What Food Labels Don’t Say
A top dietitian gives you the right information.
-Susan Burke March
How many times do you wander the grocery aisles trying to find the healthiest pasta, cereal or bread? Most people who want to eat well know the obvious, like there’s no fruit in Froot Loops. But what about all those nutritious-sounding labels like “whole grain” or “all natural”? Susan Burke March, MS, RD, LD/N, CDE, the author of Making Weight Control Second Nature: Living Thin Naturally, cuts through the confusion.
Natural: When you’re looking for foods that nourish, do you buy items labeled “100% Natural,” “Healthy,” or “No Artificial Ingredients” without actually reading the ingredients? The United States Department of Agriculture says that the “natural” claim means that the food does not contain any artificial ingredients, coloring ingredients, or chemical preservatives, and, in the case of meat and poultry, is minimally processed. But a can of iced tea can read “100% Natural Tea” even though the ingredients include filtered water, high fructose corn syrup and lemon flavoring. That’s not natural to me.

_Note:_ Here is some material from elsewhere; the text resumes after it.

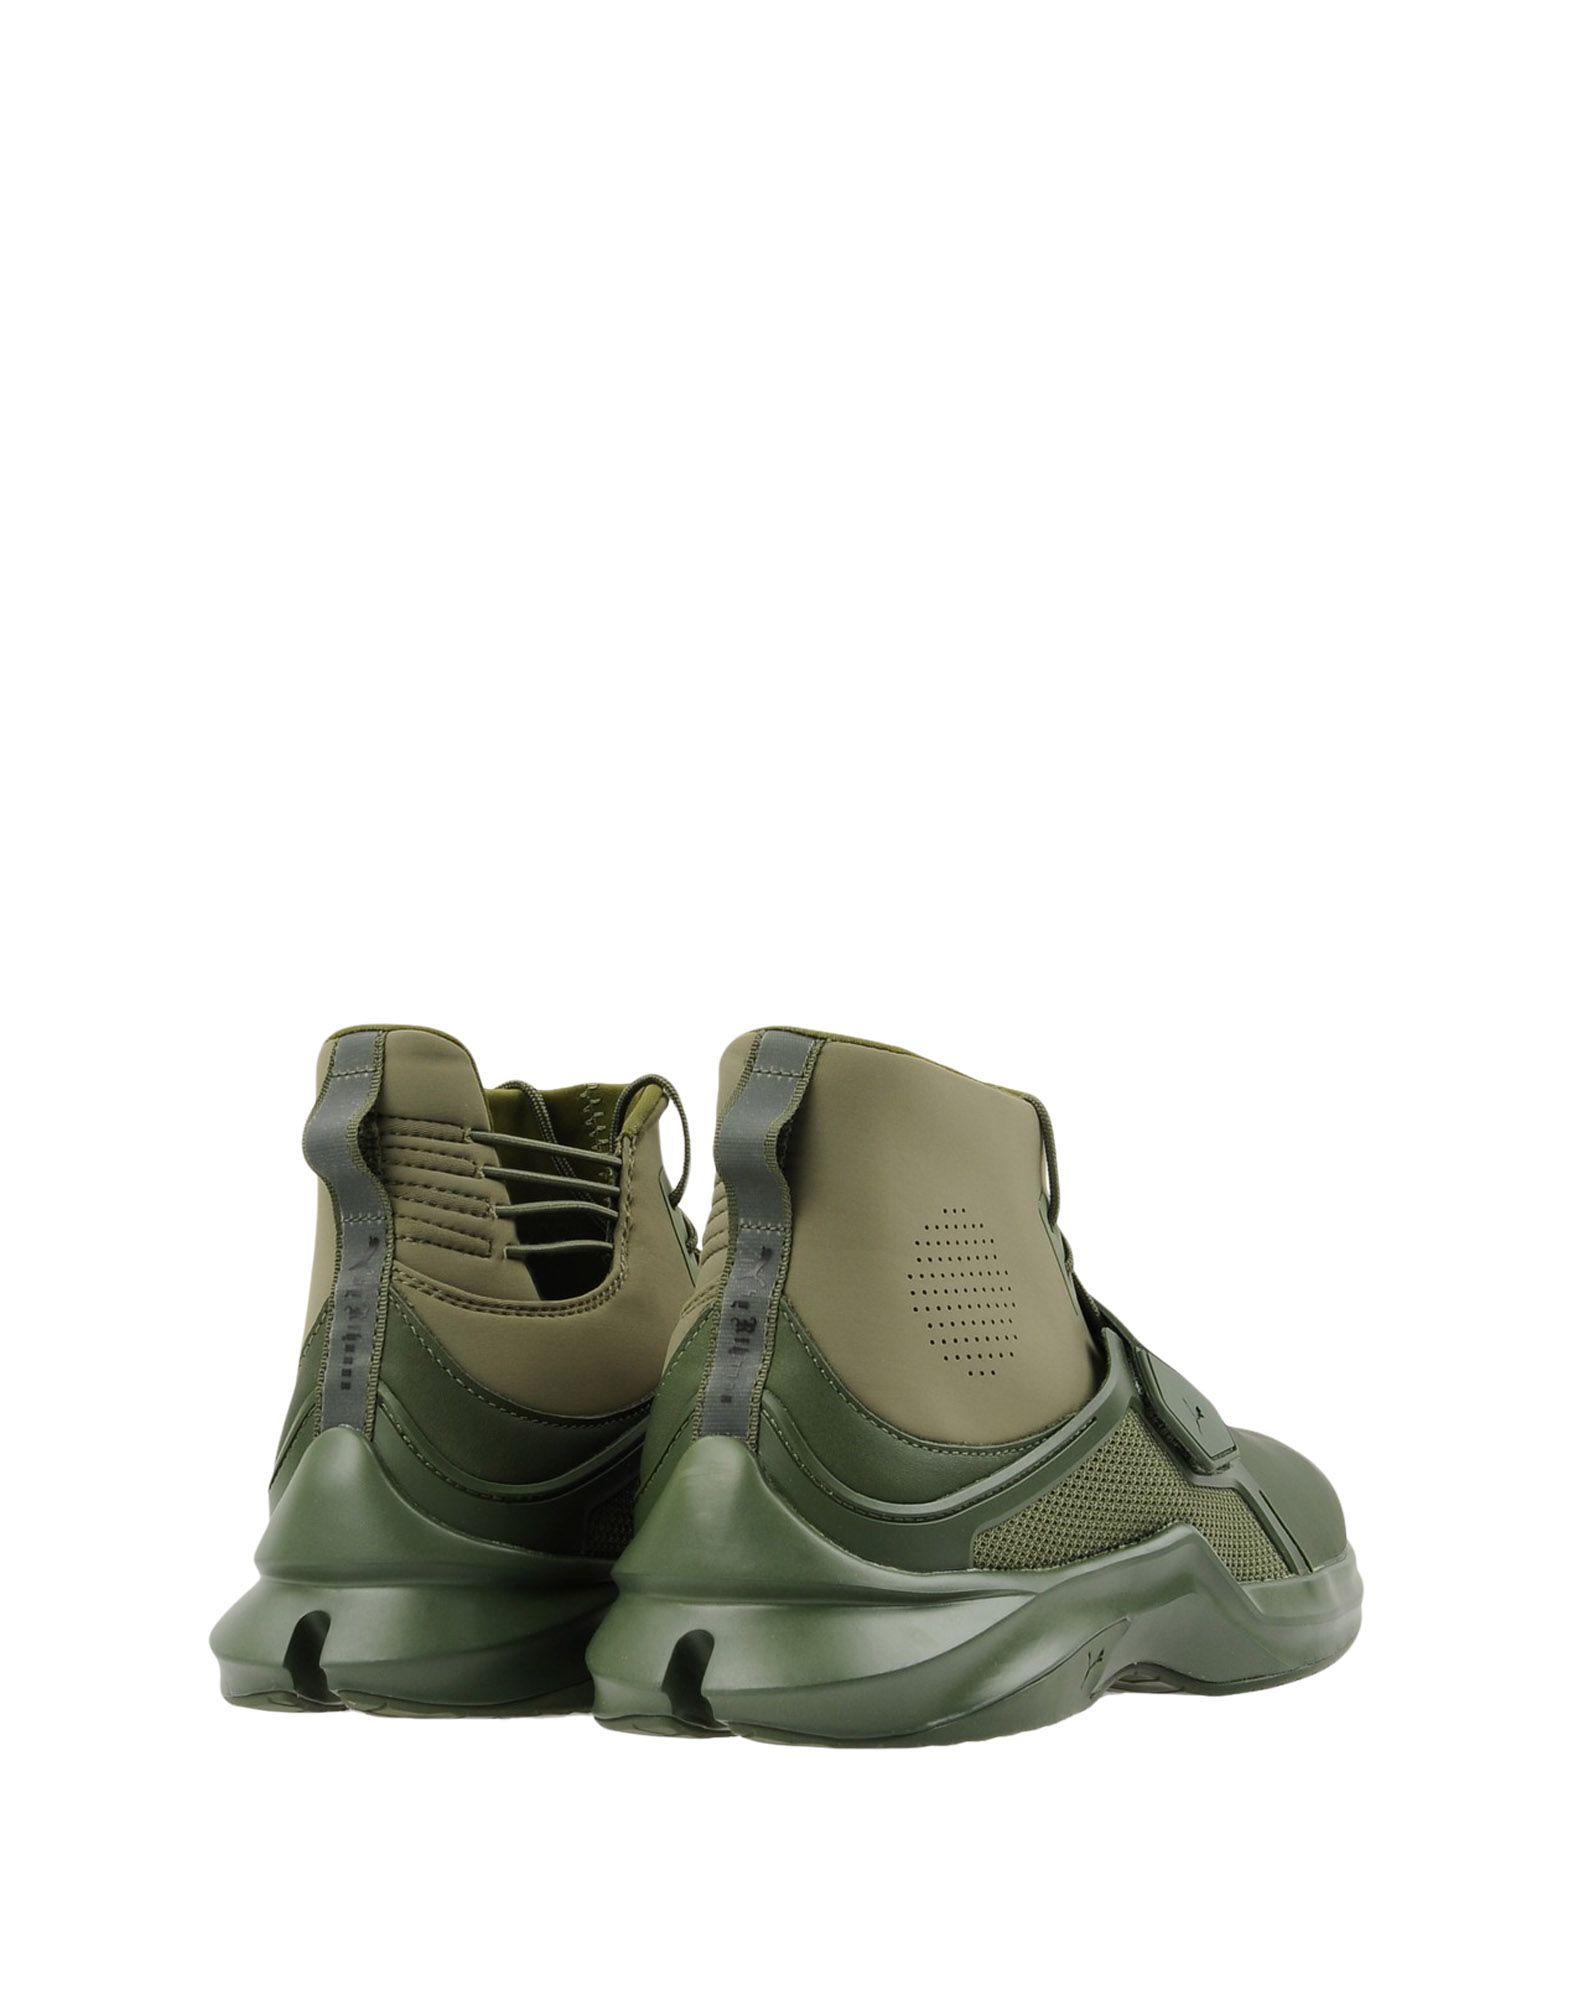 Fenty Puma By Rihanna The Trainer Hi  By Fenty  Hi 11292458UP Gute Qualität beliebte Schuhe 6cdb84

Multi-grain: From breads to crackers to hot and cold cereals, “multi-grain” does not mean whole grain-it means just about nothing at all except that the product contains an undefined amount of different types of grains. What you want to look for is “100% whole grain,” so you’re assured that you’re getting all of the good nutrition (including Vitamin E, magnesium and fiber) from that grain’s kernel. Some
packages distract the consumer by listing impressive amounts of vitamins and minerals, even fiber. Be sure the first ingredient is “100% whole,” either wheat or other another grain.